*** MATERIAL PROVIDED ***

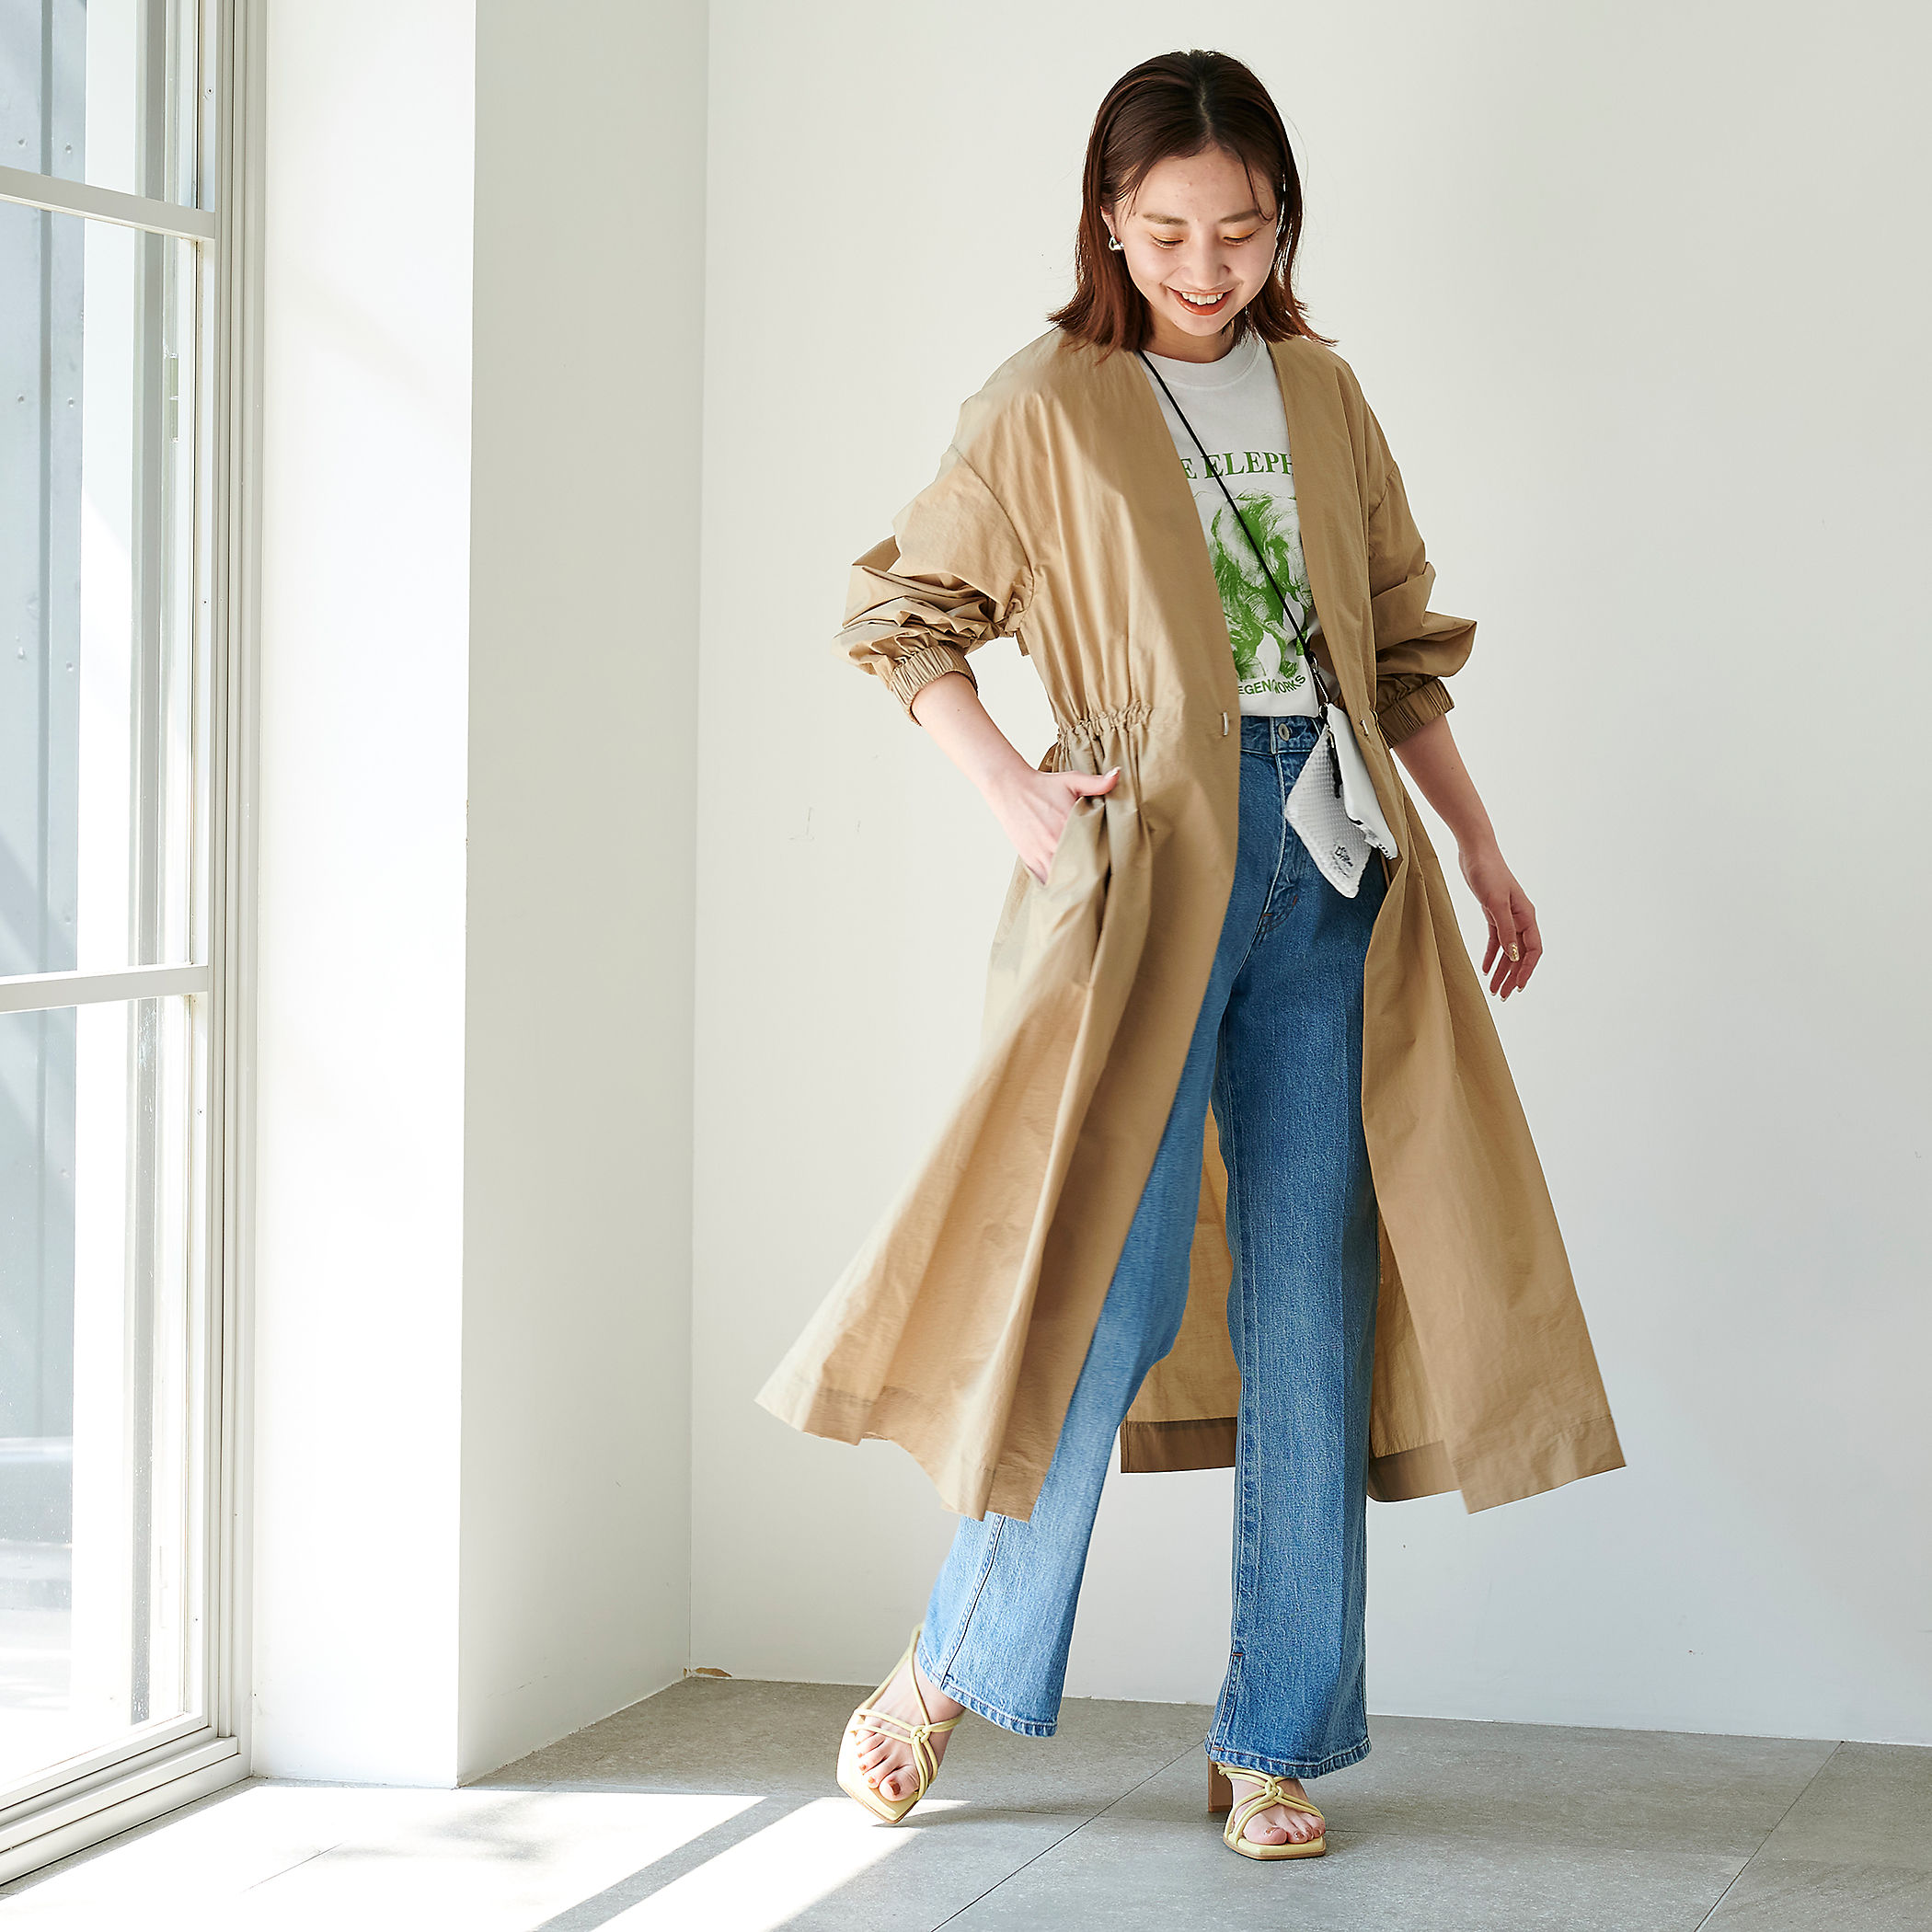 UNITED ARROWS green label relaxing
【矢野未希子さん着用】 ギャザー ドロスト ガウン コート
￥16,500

*** End of MATERIAL PROVIDED ***

WORK REQUIRED
All of the data must be given again exactly, without the pictures.

RESULT FOR THIS EXERCISE
 UNITED ARROWS green label relaxing
【矢野未希子さん着用】 ギャザー ドロスト ガウン コート
￥16,500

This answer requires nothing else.